The Rotunda should not seem forbidding, least of all to University students. For years, the Rotunda’s second-floor glass doors were sealed shut. The doors struck most students on Grounds as ornamental, not functional. Until University officials opened the building’s second-floor entrance in March, students trying to enter the Rotunda had to walk down to the building’s lower doorway and then make their way up through spiraling stairs.
Though the Rotunda is a paragon of Enlightenment architecture, it is also a living building. It hosts offices and meetings. Streams of tourists amble through nearly every day.
But some students, especially first years, view the Rotunda as off-limits. This attitude comes partially from the building’s status as an architectural marvel. Entering the Rotunda can feel like entering a church — which, given Jefferson’s decidedly secular intentions for the University, is irony of a severe flavor. We can also attribute students’ hesitation about entering the Rotunda for casual purposes to the fact that the building hosts some high-powered meetings, the Board of Visitors’ sessions being one example. Wandering around the Rotunda looking for a place to study can make one feel as if one risks intruding on something important. Finally, students have been uneasy about studying in the Academical Village’s centerpiece because doing so is not ingrained into the habits and patterns of mainstream University student life.
It is this last trend that Rotunda officials hope to change. Rotunda Operations Manager Christine Wells recently announced that the building would extend its study hours. Students may now swipe in to study between 5 and 10 p.m. Sunday through Tuesday. The Rotunda remains open to the public from 9 a.m. to 5 p.m. daily. The new Rotunda programming schedule has also allotted more time slots for classes in the Lower West Oval Room and has reserved the Dome Room for first-year dorm dinners on Wednesday nights.
These changes may seem minor, but they mark a forceful symbolic point. This gesture is a particularly positive way to welcome first-year students — some of whom are unsure which spaces are “allowed” — into the University’s symbolic and architectural center. By reserving Sunday through Tuesday evenings specifically for students, University officials have indicated in clear terms that they wish students to take advantage of the school’s most iconic space.

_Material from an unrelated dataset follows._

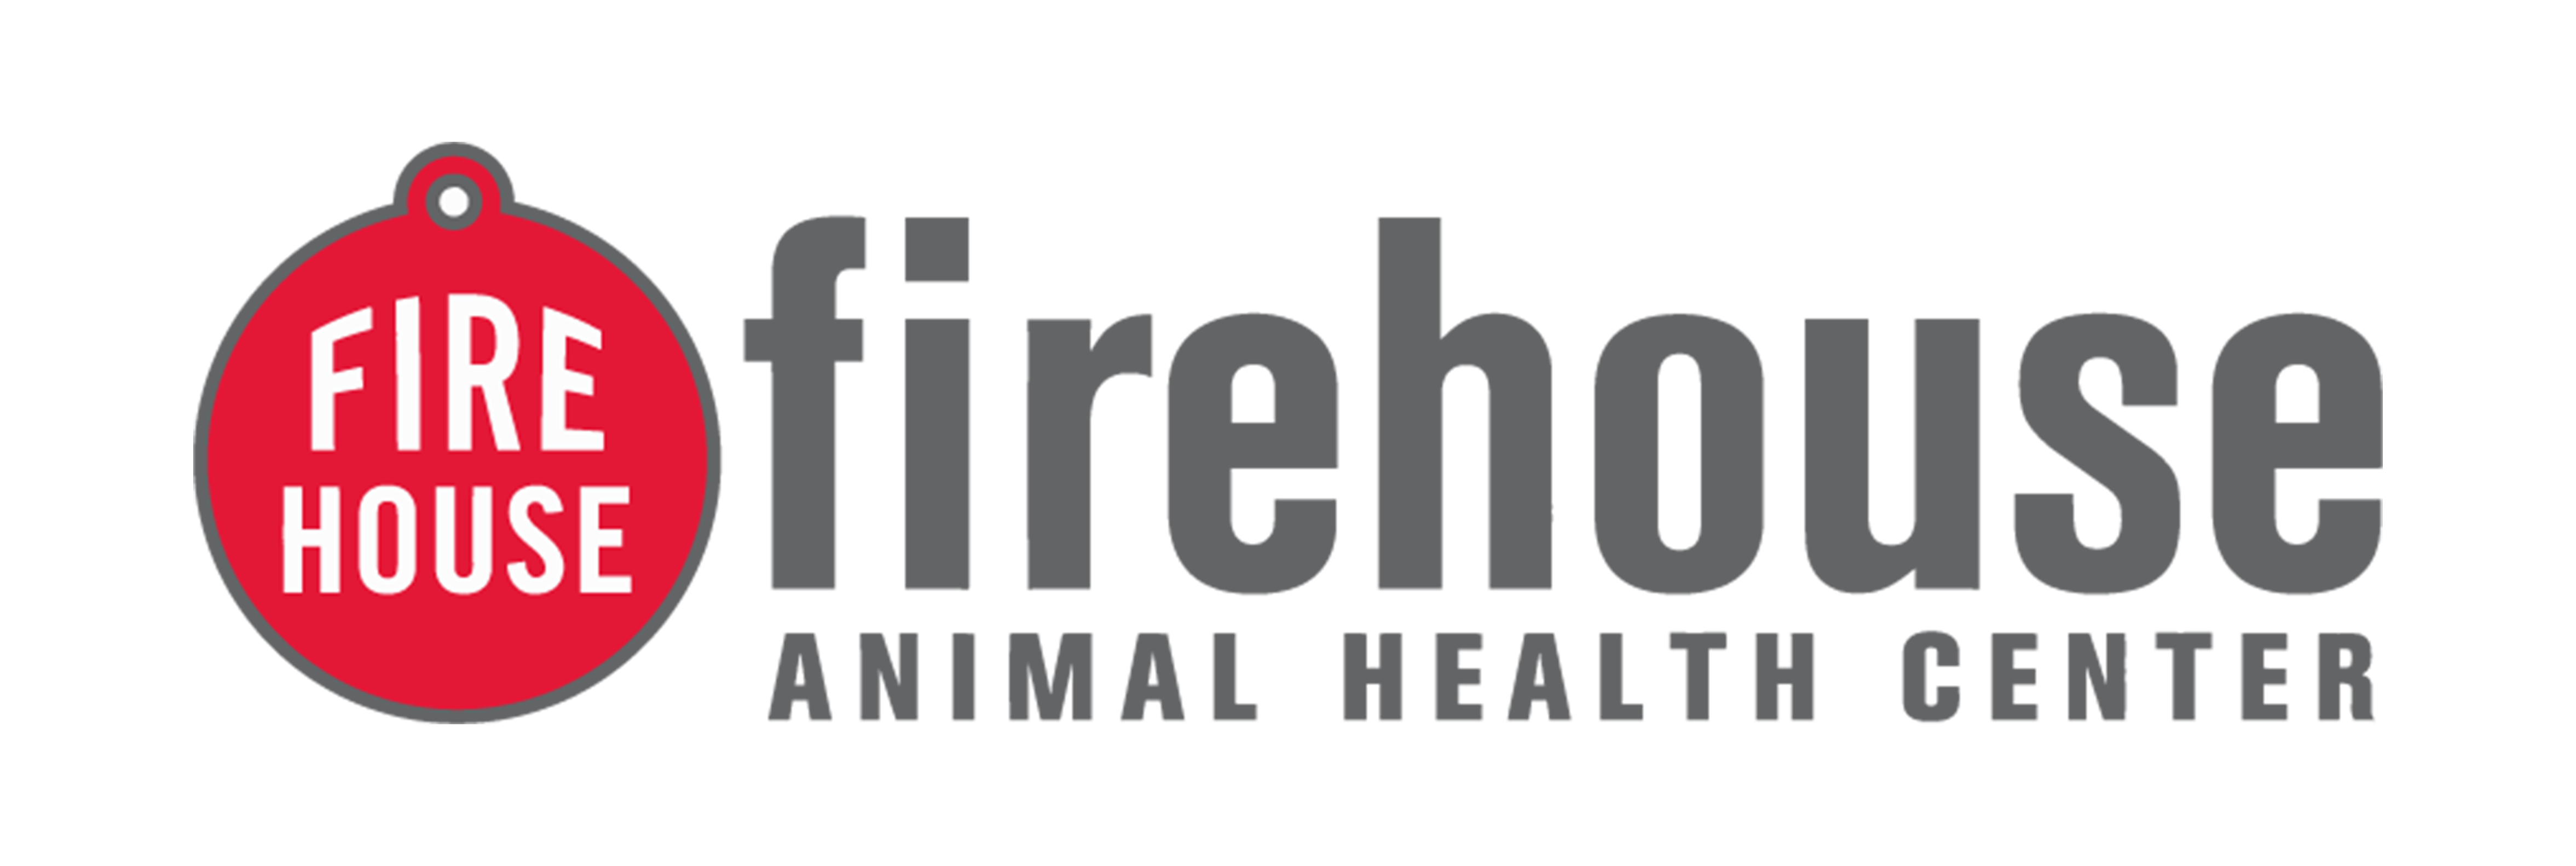 Firehouse Animal Health Round Rock

Students should treat this privilege responsibly by following stated guidelines, such as not bringing food into the Rotunda. They should also take advantage of this marvelous opportunity—to work and learn in one of the world’s most stunning buildings. We commend the Rotunda staff for promoting students’ interests and making a historic structure a place for learning, discussion and study — much as Jefferson envisioned.